EXERCISE BRIEF: Every word of every entry must be retyped exactly.
◇ ◇ ◇ ◇ ◇
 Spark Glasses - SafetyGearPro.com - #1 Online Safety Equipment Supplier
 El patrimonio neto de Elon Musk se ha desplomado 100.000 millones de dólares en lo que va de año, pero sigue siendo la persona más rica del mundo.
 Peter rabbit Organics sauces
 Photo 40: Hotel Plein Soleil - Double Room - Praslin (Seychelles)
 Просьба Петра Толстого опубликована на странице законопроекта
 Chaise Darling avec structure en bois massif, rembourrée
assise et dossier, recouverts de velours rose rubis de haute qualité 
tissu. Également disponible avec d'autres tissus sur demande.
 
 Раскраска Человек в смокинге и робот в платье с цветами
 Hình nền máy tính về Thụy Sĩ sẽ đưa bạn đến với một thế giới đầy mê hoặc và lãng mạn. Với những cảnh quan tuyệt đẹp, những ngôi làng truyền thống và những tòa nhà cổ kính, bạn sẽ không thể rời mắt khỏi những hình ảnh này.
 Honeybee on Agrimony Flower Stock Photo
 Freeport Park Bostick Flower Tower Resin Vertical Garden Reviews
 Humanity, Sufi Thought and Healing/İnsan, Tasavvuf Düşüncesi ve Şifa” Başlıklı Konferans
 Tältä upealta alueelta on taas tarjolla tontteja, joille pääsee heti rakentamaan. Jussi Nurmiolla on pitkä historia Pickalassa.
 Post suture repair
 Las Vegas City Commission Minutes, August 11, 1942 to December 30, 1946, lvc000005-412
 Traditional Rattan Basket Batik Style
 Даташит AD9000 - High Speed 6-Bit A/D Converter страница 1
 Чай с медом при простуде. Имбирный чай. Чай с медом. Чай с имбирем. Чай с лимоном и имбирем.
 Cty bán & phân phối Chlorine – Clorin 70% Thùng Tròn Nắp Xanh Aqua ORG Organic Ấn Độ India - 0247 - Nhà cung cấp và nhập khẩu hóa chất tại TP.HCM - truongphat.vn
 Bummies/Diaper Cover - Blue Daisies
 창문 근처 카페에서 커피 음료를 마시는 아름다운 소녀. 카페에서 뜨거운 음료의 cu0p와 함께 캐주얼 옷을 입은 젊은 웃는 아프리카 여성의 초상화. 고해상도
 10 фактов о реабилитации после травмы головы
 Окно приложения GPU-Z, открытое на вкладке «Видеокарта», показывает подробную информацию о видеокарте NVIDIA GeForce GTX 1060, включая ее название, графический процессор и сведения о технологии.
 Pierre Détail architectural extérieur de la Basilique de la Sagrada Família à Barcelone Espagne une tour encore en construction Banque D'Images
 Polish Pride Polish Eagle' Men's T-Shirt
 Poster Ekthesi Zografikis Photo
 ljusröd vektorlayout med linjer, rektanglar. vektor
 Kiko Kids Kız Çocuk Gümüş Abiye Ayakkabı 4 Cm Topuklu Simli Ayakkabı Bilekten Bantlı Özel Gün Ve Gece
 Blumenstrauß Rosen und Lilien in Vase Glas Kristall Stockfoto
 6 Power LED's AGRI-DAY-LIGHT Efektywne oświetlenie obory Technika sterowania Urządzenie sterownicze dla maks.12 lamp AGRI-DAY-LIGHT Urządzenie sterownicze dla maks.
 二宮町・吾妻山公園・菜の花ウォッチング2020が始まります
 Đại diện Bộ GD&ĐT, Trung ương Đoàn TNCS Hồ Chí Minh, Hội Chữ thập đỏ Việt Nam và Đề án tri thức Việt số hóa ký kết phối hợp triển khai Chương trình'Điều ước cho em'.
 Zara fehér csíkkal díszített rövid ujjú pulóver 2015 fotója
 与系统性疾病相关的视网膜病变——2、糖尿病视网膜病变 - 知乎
◇ ◇ ◇ ◇ ◇
SOLUTION BELOW:
 Spark Glasses - SafetyGearPro.com - #1 Online Safety Equipment Supplier
 El patrimonio neto de Elon Musk se ha desplomado 100.000 millones de dólares en lo que va de año, pero sigue siendo la persona más rica del mundo.
 Peter rabbit Organics sauces
 Photo 40: Hotel Plein Soleil - Double Room - Praslin (Seychelles)
 Просьба Петра Толстого опубликована на странице законопроекта
 Chaise Darling avec structure en bois massif, rembourrée
assise et dossier, recouverts de velours rose rubis de haute qualité 
tissu. Également disponible avec d'autres tissus sur demande.
 
 Раскраска Человек в смокинге и робот в платье с цветами
 Hình nền máy tính về Thụy Sĩ sẽ đưa bạn đến với một thế giới đầy mê hoặc và lãng mạn. Với những cảnh quan tuyệt đẹp, những ngôi làng truyền thống và những tòa nhà cổ kính, bạn sẽ không thể rời mắt khỏi những hình ảnh này.
 Honeybee on Agrimony Flower Stock Photo
 Freeport Park Bostick Flower Tower Resin Vertical Garden Reviews
 Humanity, Sufi Thought and Healing/İnsan, Tasavvuf Düşüncesi ve Şifa” Başlıklı Konferans
 Tältä upealta alueelta on taas tarjolla tontteja, joille pääsee heti rakentamaan. Jussi Nurmiolla on pitkä historia Pickalassa.
 Post suture repair
 Las Vegas City Commission Minutes, August 11, 1942 to December 30, 1946, lvc000005-412
 Traditional Rattan Basket Batik Style
 Даташит AD9000 - High Speed 6-Bit A/D Converter страница 1
 Чай с медом при простуде. Имбирный чай. Чай с медом. Чай с имбирем. Чай с лимоном и имбирем.
 Cty bán & phân phối Chlorine – Clorin 70% Thùng Tròn Nắp Xanh Aqua ORG Organic Ấn Độ India - 0247 - Nhà cung cấp và nhập khẩu hóa chất tại TP.HCM - truongphat.vn
 Bummies/Diaper Cover - Blue Daisies
 창문 근처 카페에서 커피 음료를 마시는 아름다운 소녀. 카페에서 뜨거운 음료의 cu0p와 함께 캐주얼 옷을 입은 젊은 웃는 아프리카 여성의 초상화. 고해상도
 10 фактов о реабилитации после травмы головы
 Окно приложения GPU-Z, открытое на вкладке «Видеокарта», показывает подробную информацию о видеокарте NVIDIA GeForce GTX 1060, включая ее название, графический процессор и сведения о технологии.
 Pierre Détail architectural extérieur de la Basilique de la Sagrada Família à Barcelone Espagne une tour encore en construction Banque D'Images
 Polish Pride Polish Eagle' Men's T-Shirt
 Poster Ekthesi Zografikis Photo
 ljusröd vektorlayout med linjer, rektanglar. vektor
 Kiko Kids Kız Çocuk Gümüş Abiye Ayakkabı 4 Cm Topuklu Simli Ayakkabı Bilekten Bantlı Özel Gün Ve Gece
 Blumenstrauß Rosen und Lilien in Vase Glas Kristall Stockfoto
 6 Power LED's AGRI-DAY-LIGHT Efektywne oświetlenie obory Technika sterowania Urządzenie sterownicze dla maks.12 lamp AGRI-DAY-LIGHT Urządzenie sterownicze dla maks.
 二宮町・吾妻山公園・菜の花ウォッチング2020が始まります
 Đại diện Bộ GD&ĐT, Trung ương Đoàn TNCS Hồ Chí Minh, Hội Chữ thập đỏ Việt Nam và Đề án tri thức Việt số hóa ký kết phối hợp triển khai Chương trình'Điều ước cho em'.
 Zara fehér csíkkal díszített rövid ujjú pulóver 2015 fotója
 与系统性疾病相关的视网膜病变——2、糖尿病视网膜病变 - 知乎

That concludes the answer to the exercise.